LINE採用とは? 取り組むメリット、やり方、事例を解説

LINE採用とは? 取り組むメリット、やり方、事例を解説

採用活動において「応募者に連絡が届かない」「メールを読んでもらえない」という課題を抱える担当者も多いのではないでしょうか。特に若年層はメールに不慣れで、電話にも出にくい傾向があります。そのため、応募者が日常的に利用する「LINE」を導入し、円滑なコミュニケーションを図る企業が増えています。

総務省の調査によれば、10代・20代におけるLINEの利用率は90%を超えています。

この高い浸透率は、応募者への連絡到達率を高めるうえで大きな強みとなるでしょう。本記事では、LINE採用のメリットや具体的な活用法、成功事例までを詳しく解説します。

※参照元:総務省『令和5年通信利用動向調査』

LINE採用とは? 基本的な仕組みと注目される背景

LINE公式アカウントの仕組みと種類

LINE採用で中心的な役割を担うのが「LINE公式アカウント」です。これは、企業が求職者に対してメッセージを一斉配信したり、1対1のチャットで対話したりできる公式チャネルです。

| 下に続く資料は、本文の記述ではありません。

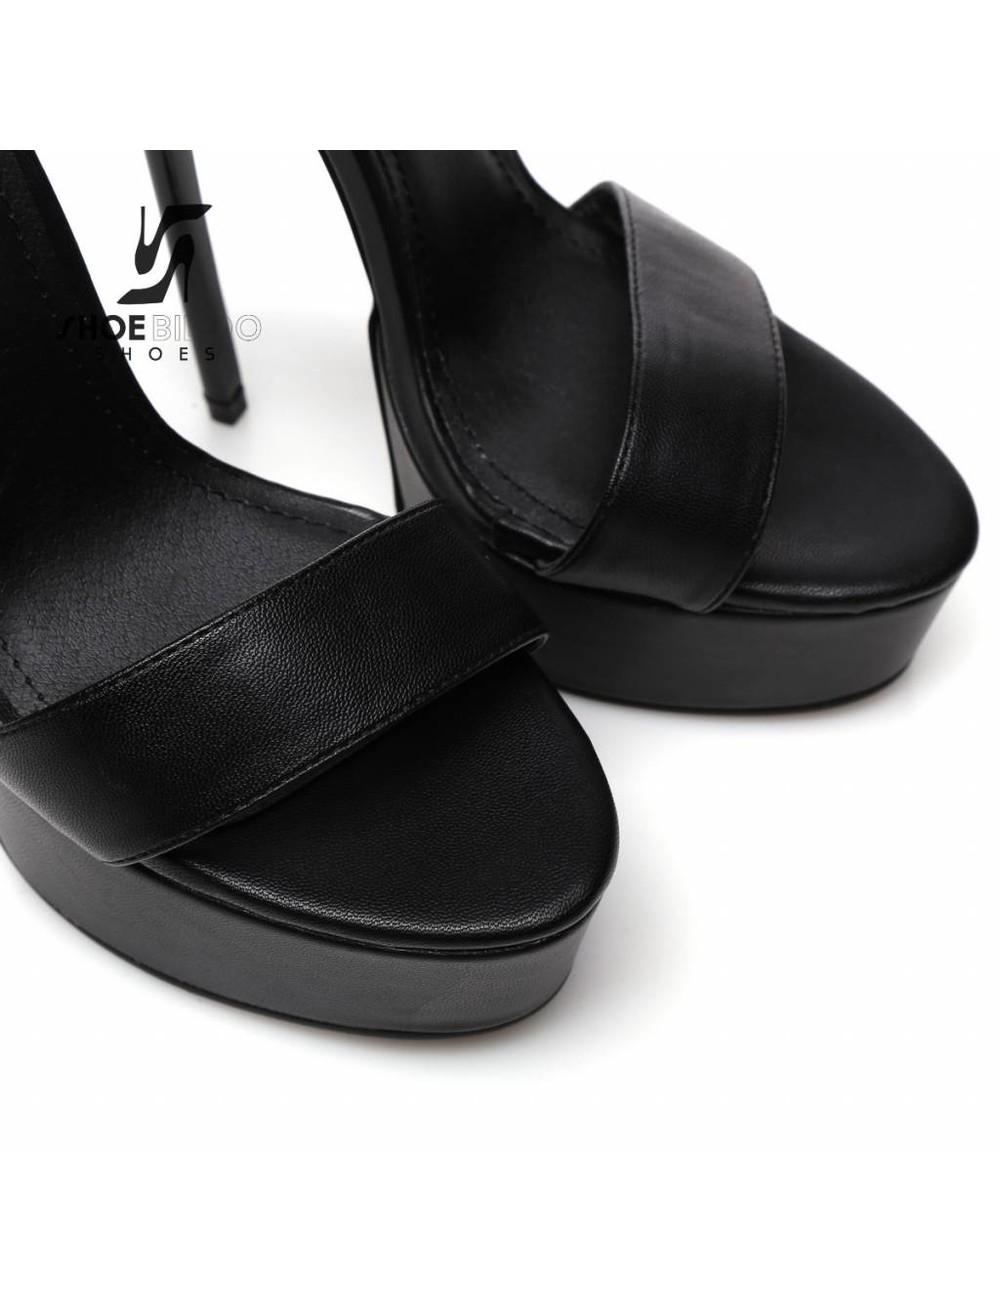 Giaro Black Giaro KATE bondage ankle belt sandals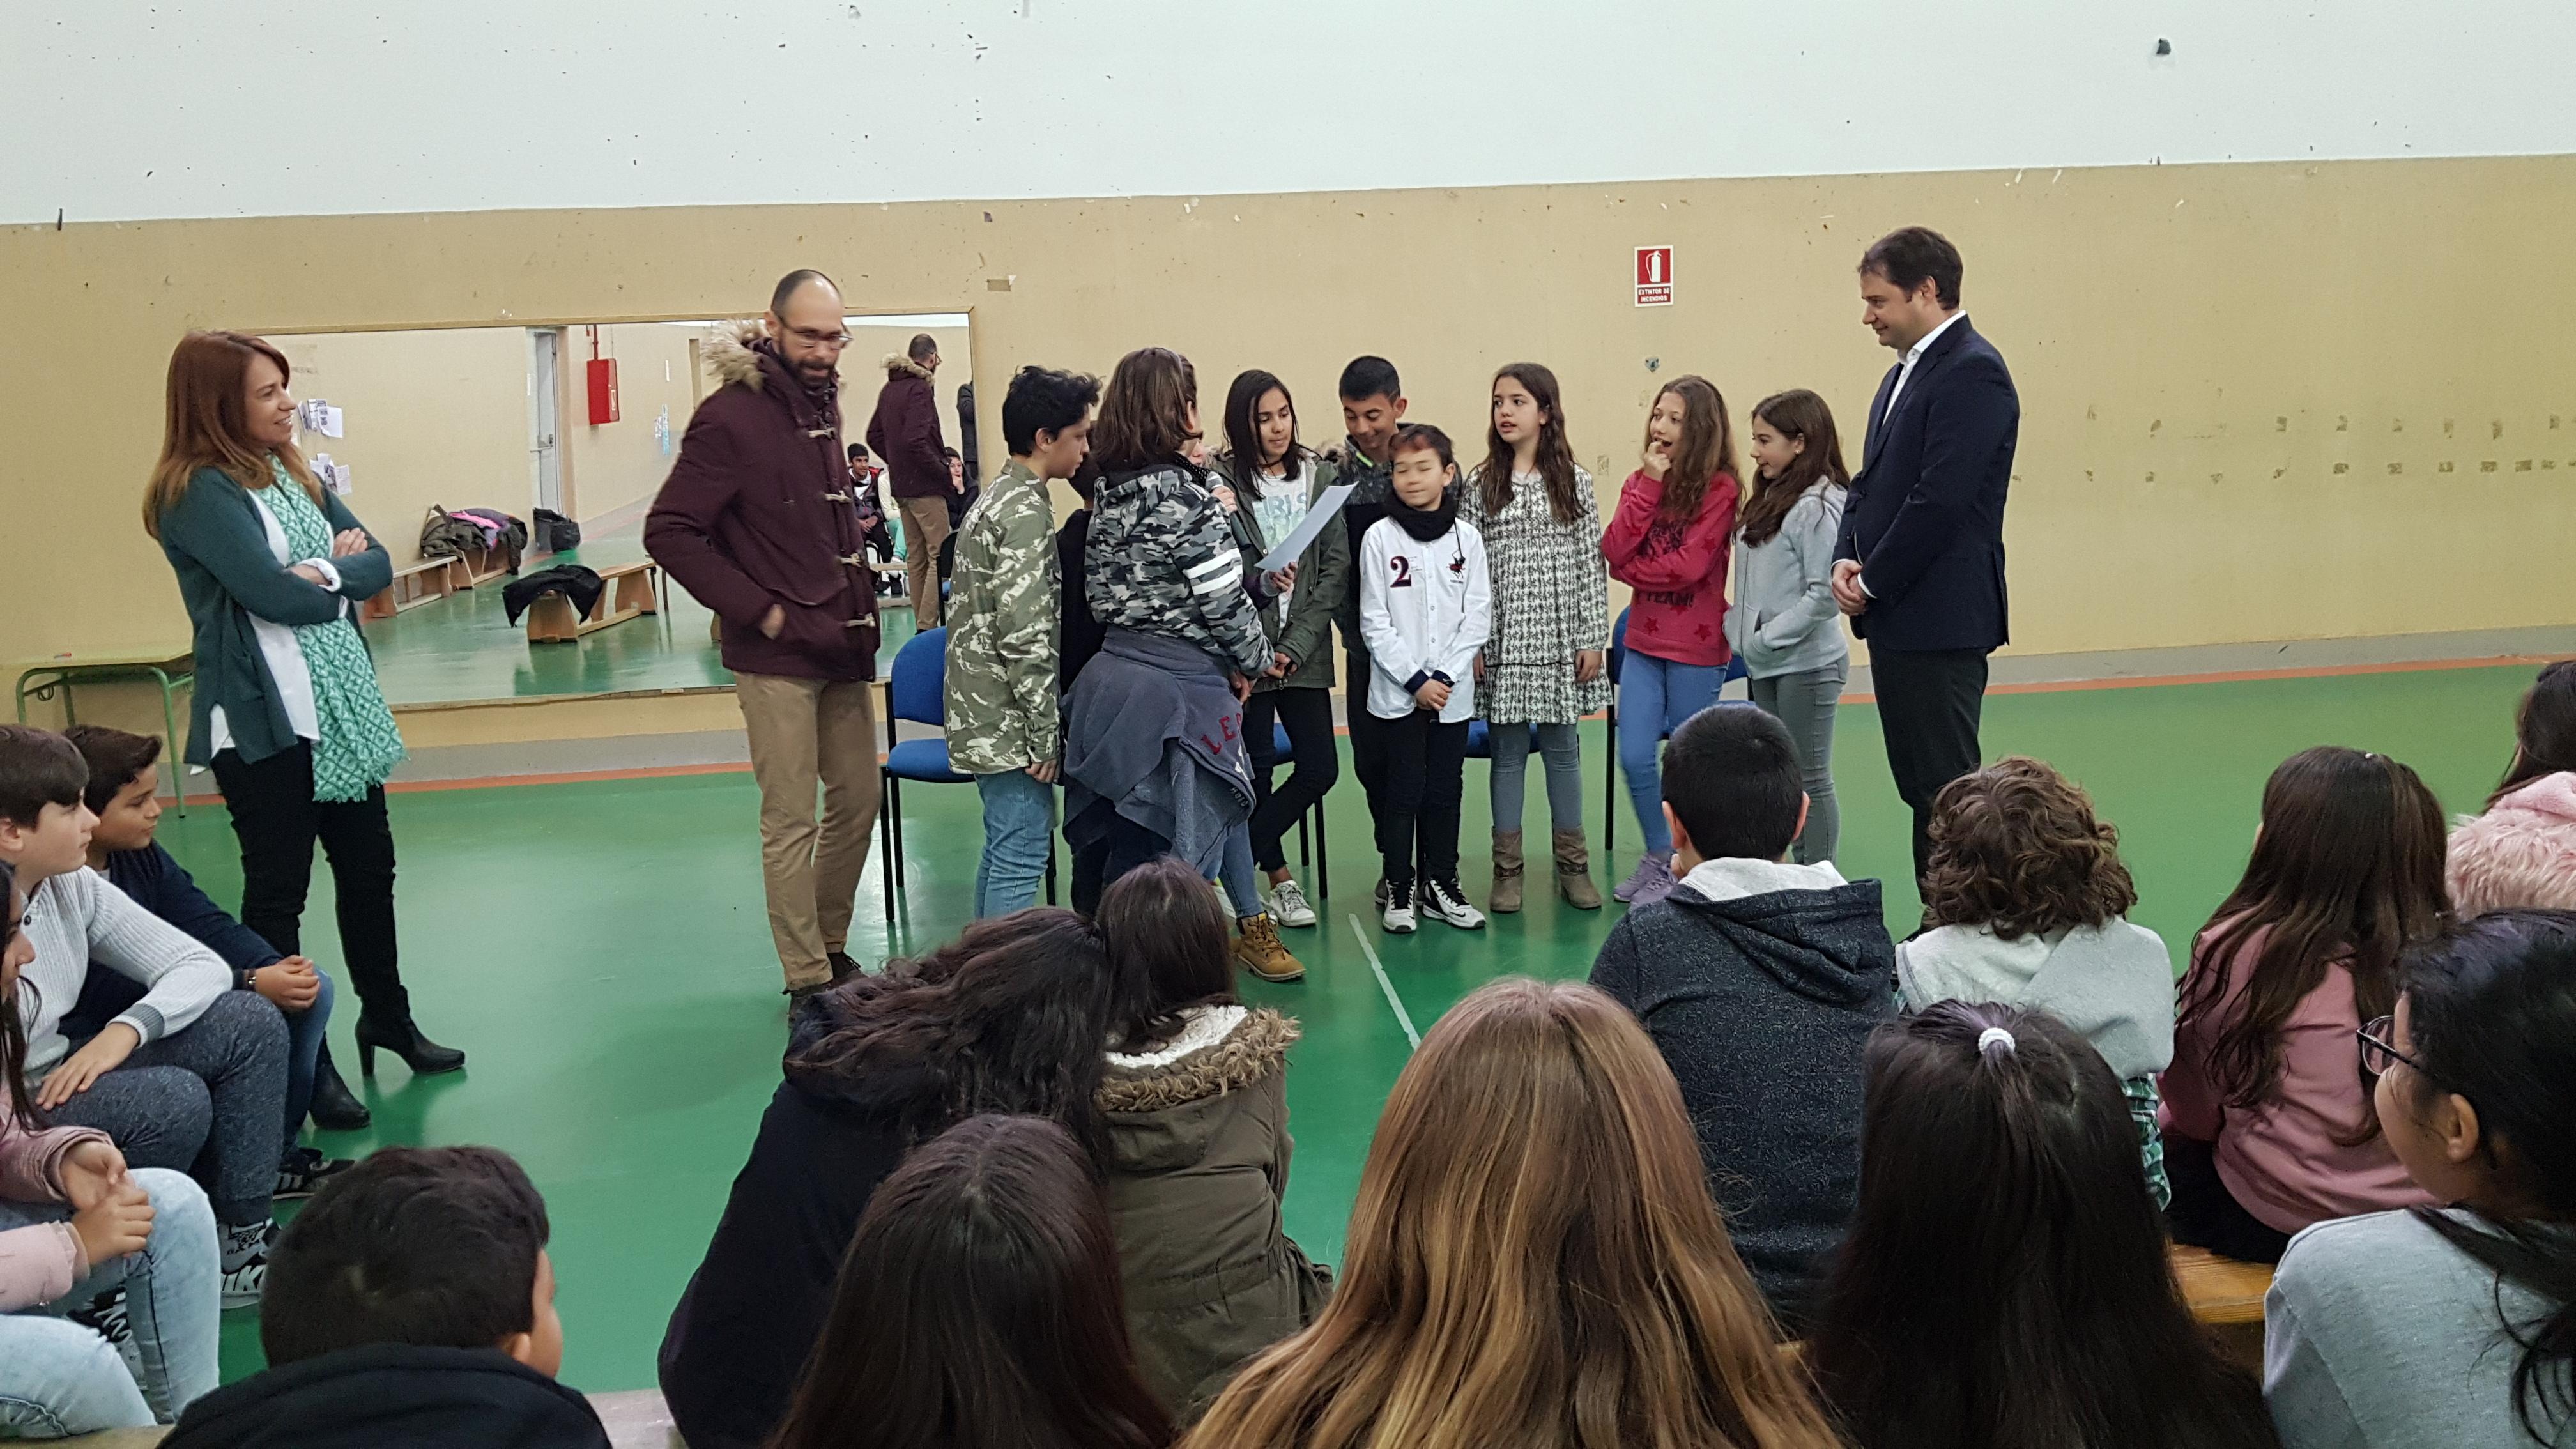 Visita del Alcalde de Torrejón de Ardoz al CEIP Andrés Segovia 10

アカウントには主に「認証済み」と「未認証」の2種類があり、審査の有無や利用できる機能が異なります。

区分 審査有無 特徴 主な利用シーン
未認証 なし 個人・法人を問わず誰でも即日開設が可能。 小規模なテスト運用、個人事業主など
認証済み あり 審査を通過したアカウント。
検索結果で目立ちやすく、販促機能も豊富。
新卒・中途採用全般、店舗ビジネスなど

採用活動で利用する場合、応募者に安心感を与えるためにも、審査を経て「認証済み」アカウントを取得することをおすすめします。 認証済みアカウントは、青色の公式バッジが表示されるため、信頼性の向上につながります。

採用チャネルとしてのLINE普及率データ

LINEヤフー株式会社の公式発表によると、LINEの国内月間利用者数は9,600万人(2024年3月末時点)に達します。年代別の利用率も非常に高い水準を維持しています。

年代 利用率(総務省調査より)
10代 94.9%
20代 92.5%
30代 88.3%
40代 84.1%

このデータからも、特に若年層へ確実かつ迅速に情報を届ける手段として、LINEが非常に有効なチャネルであることがわかるでしょう。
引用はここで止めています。